* [Directions for this task] Copy the listing exactly; drop the pictures.

Raw data Start Marker

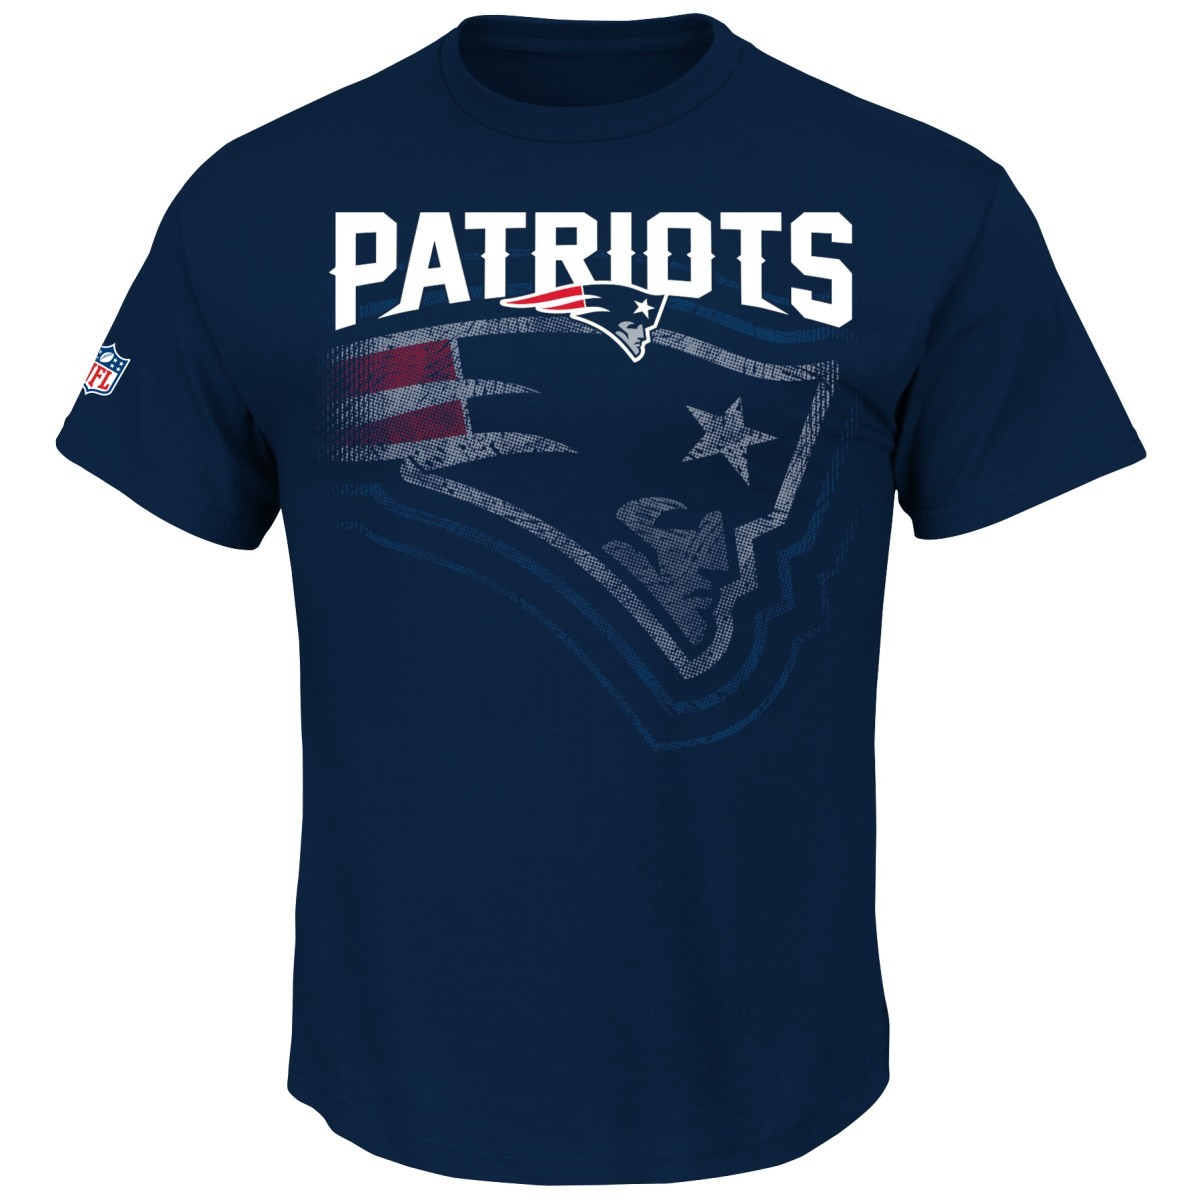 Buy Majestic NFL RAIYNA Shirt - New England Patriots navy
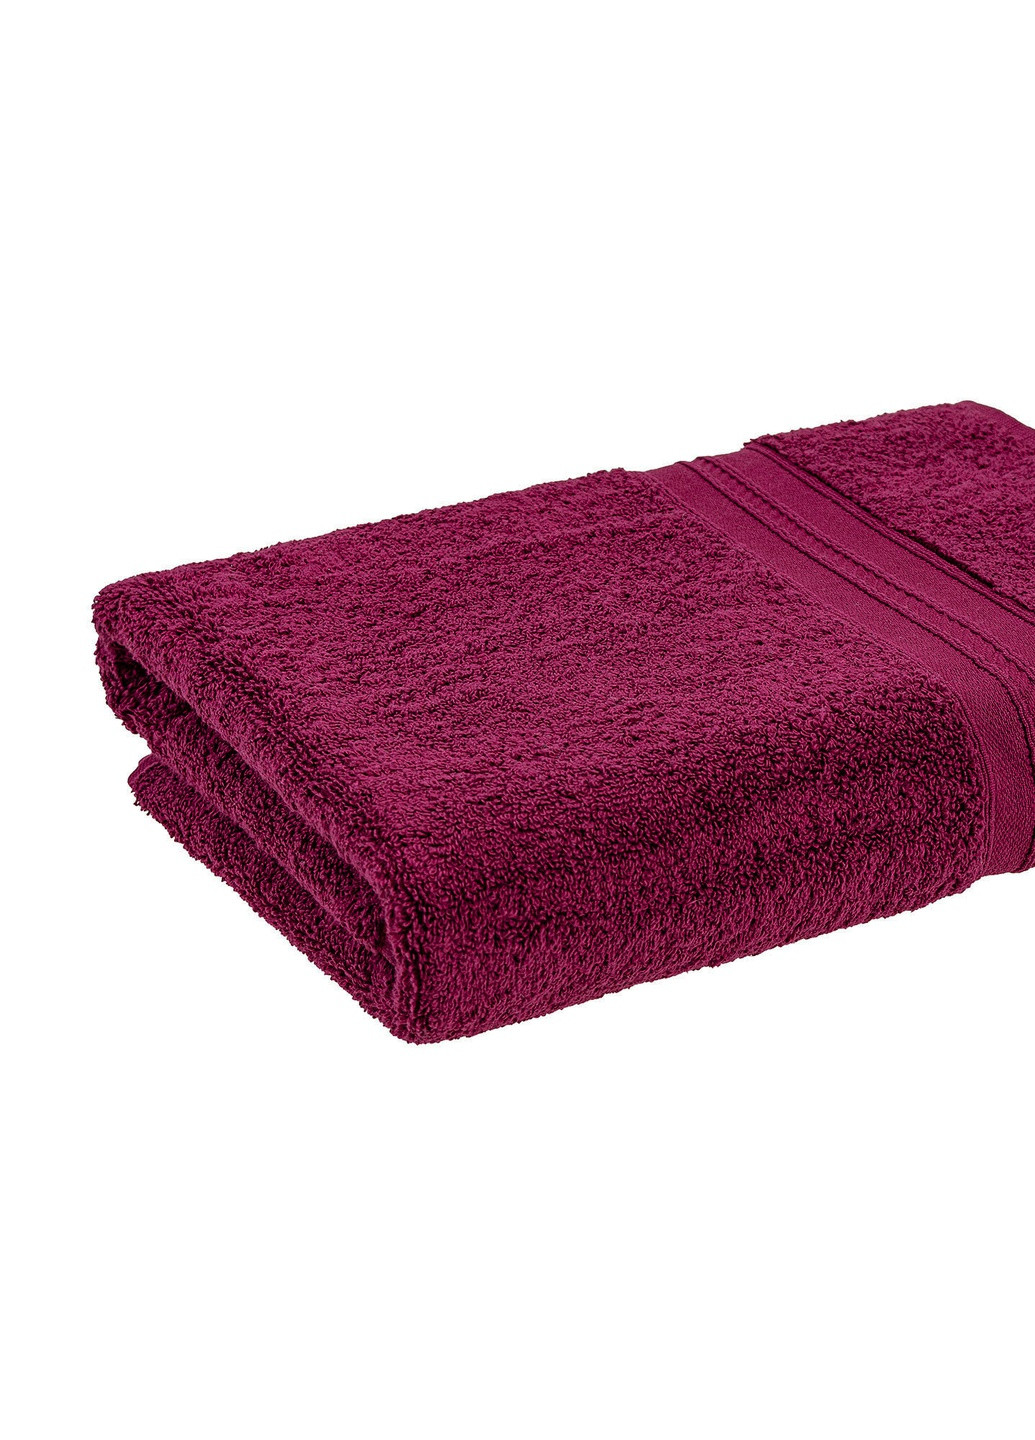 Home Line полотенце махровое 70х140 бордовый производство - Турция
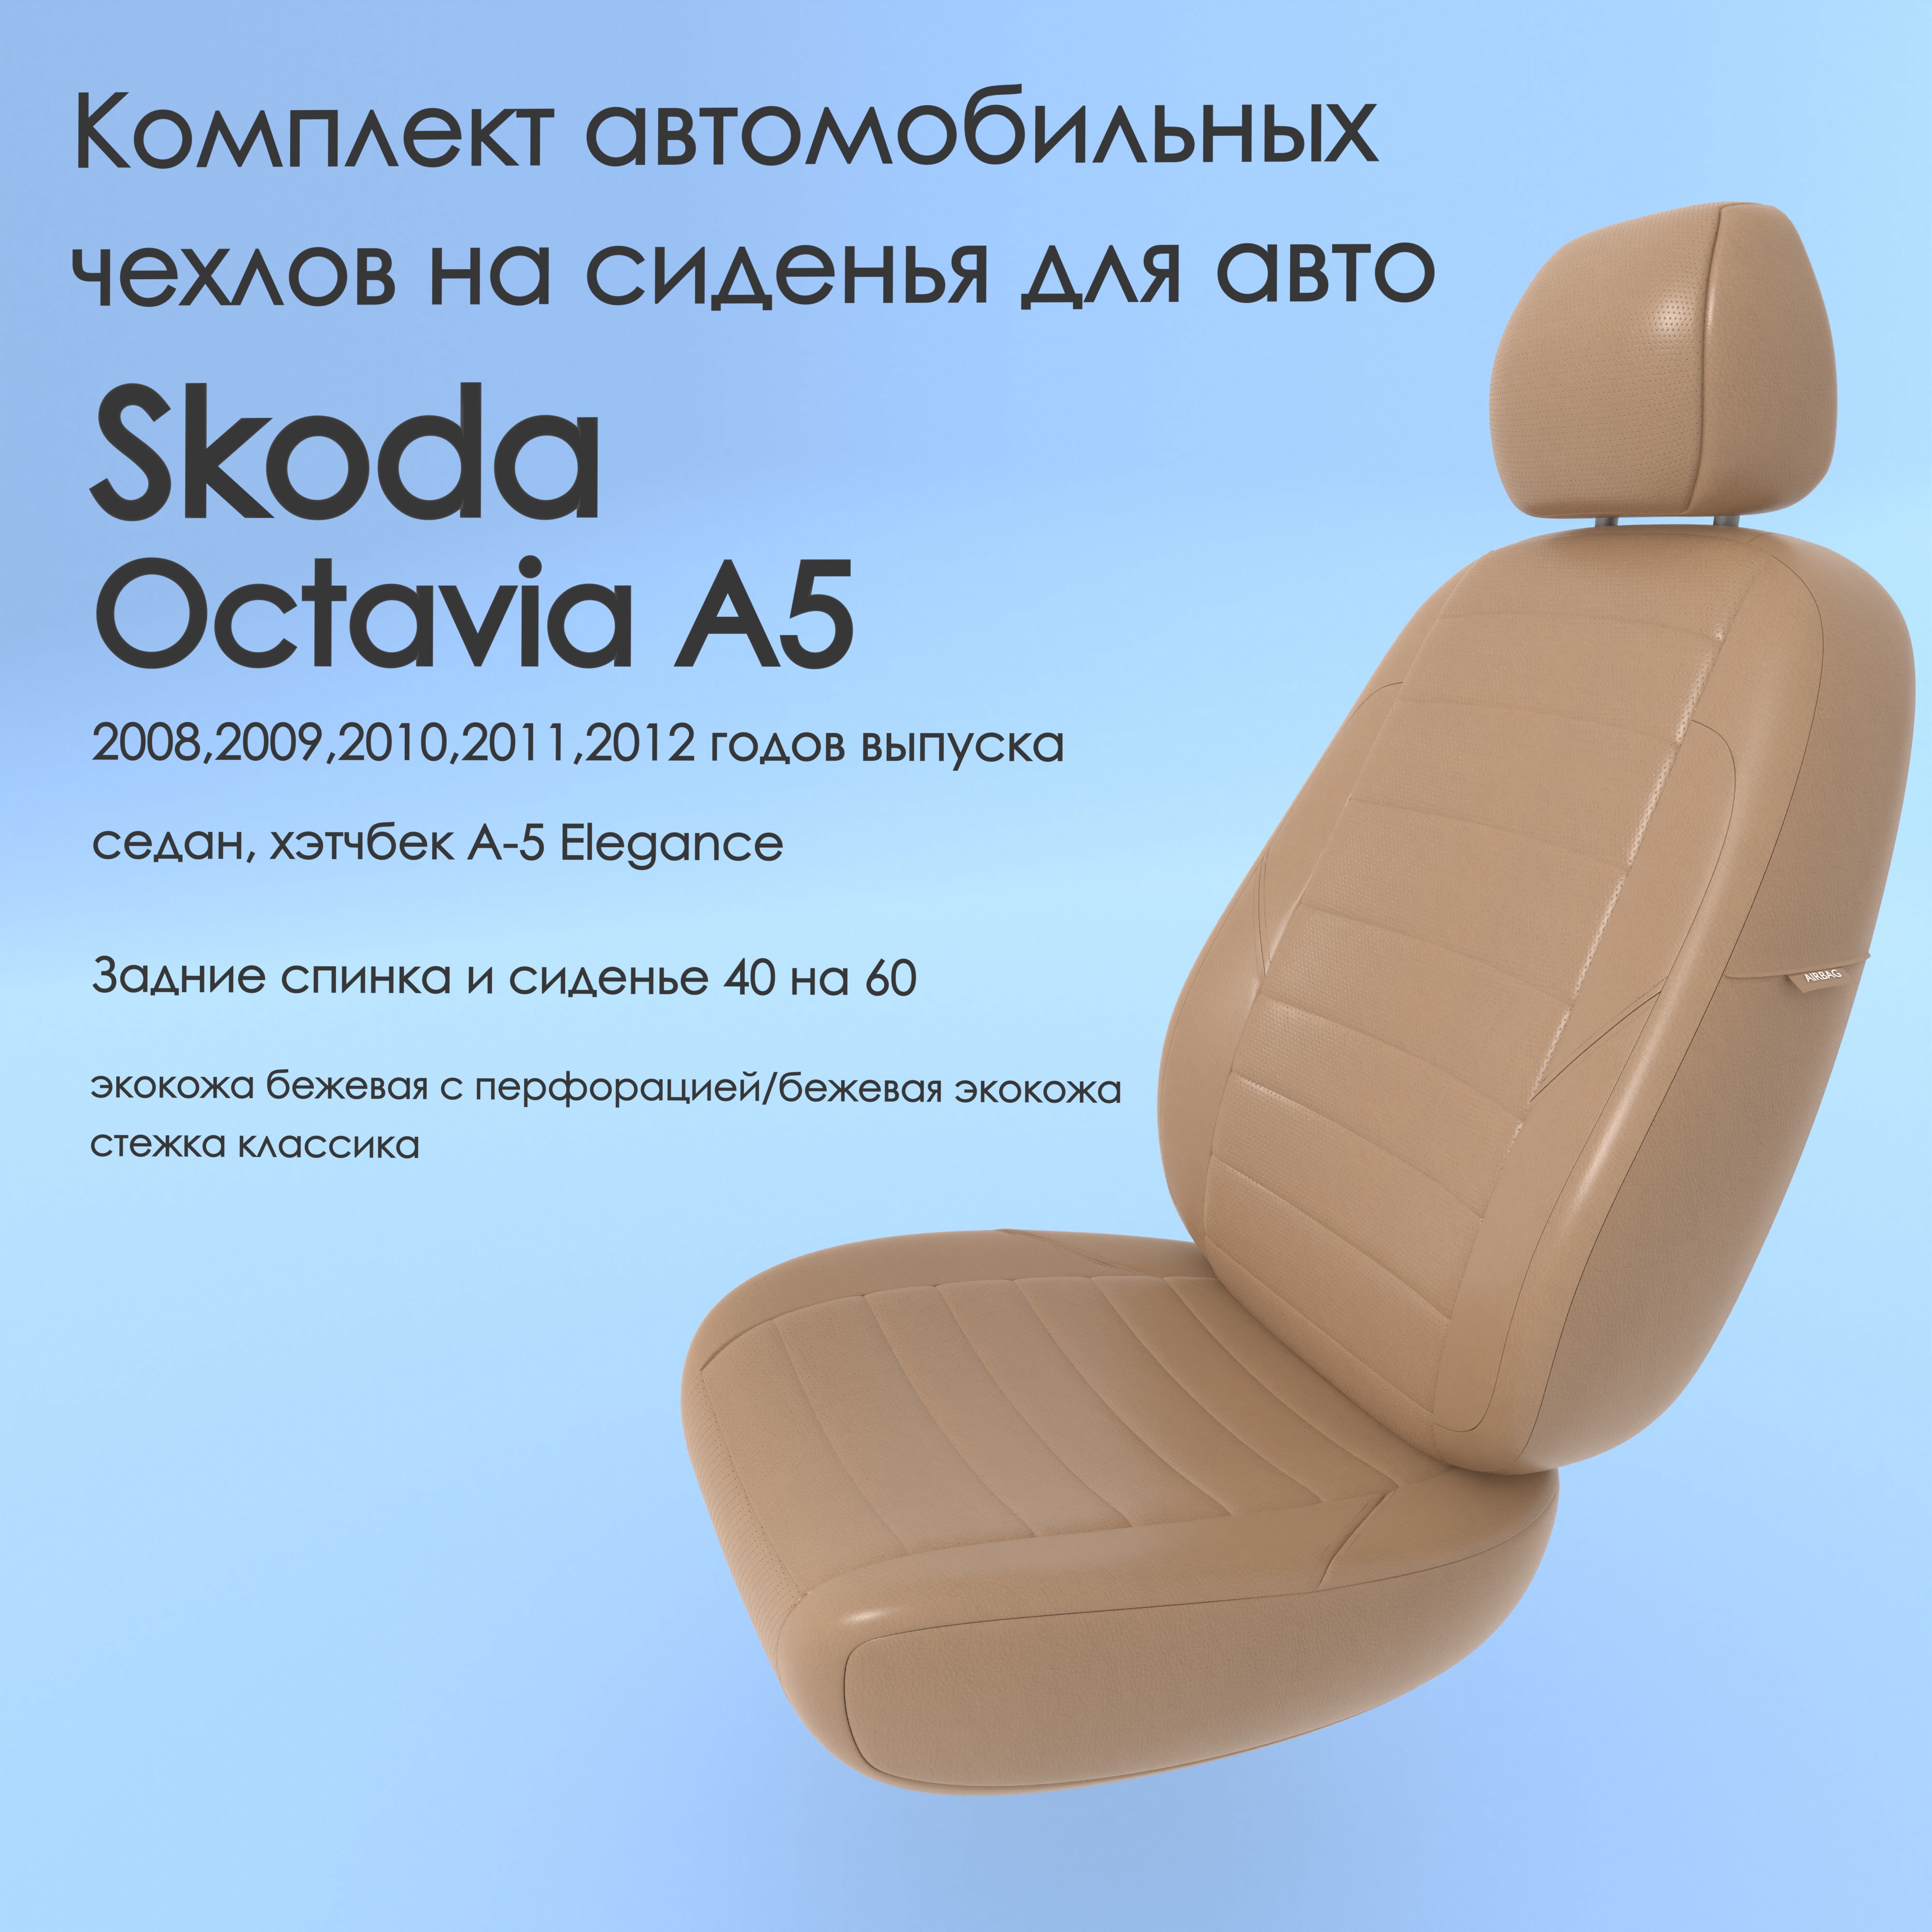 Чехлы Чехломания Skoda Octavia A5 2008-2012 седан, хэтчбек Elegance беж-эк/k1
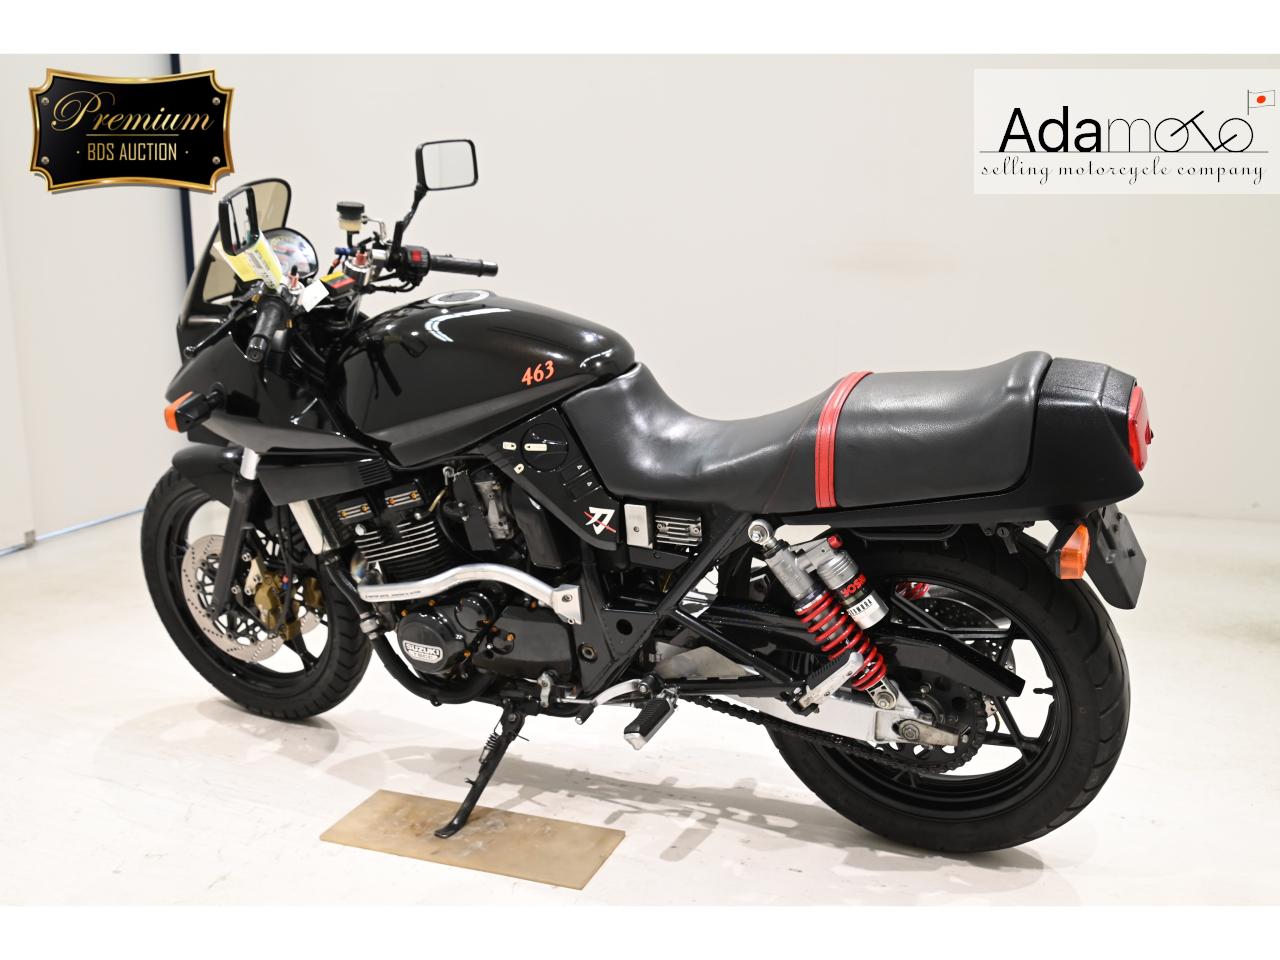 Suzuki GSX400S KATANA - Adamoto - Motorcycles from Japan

Raw data End Marker

* [Response area]
 Buy Majestic NFL RAIYNA Shirt - New England Patriots navy
 Home Line полотенце махровое 70х140 бордовый производство - Турция
 Чехлы Чехломания Skoda Octavia A5 2008-2012 седан, хэтчбек Elegance беж-эк/k1
 Suzuki GSX400S KATANA - Adamoto - Motorcycles from Japan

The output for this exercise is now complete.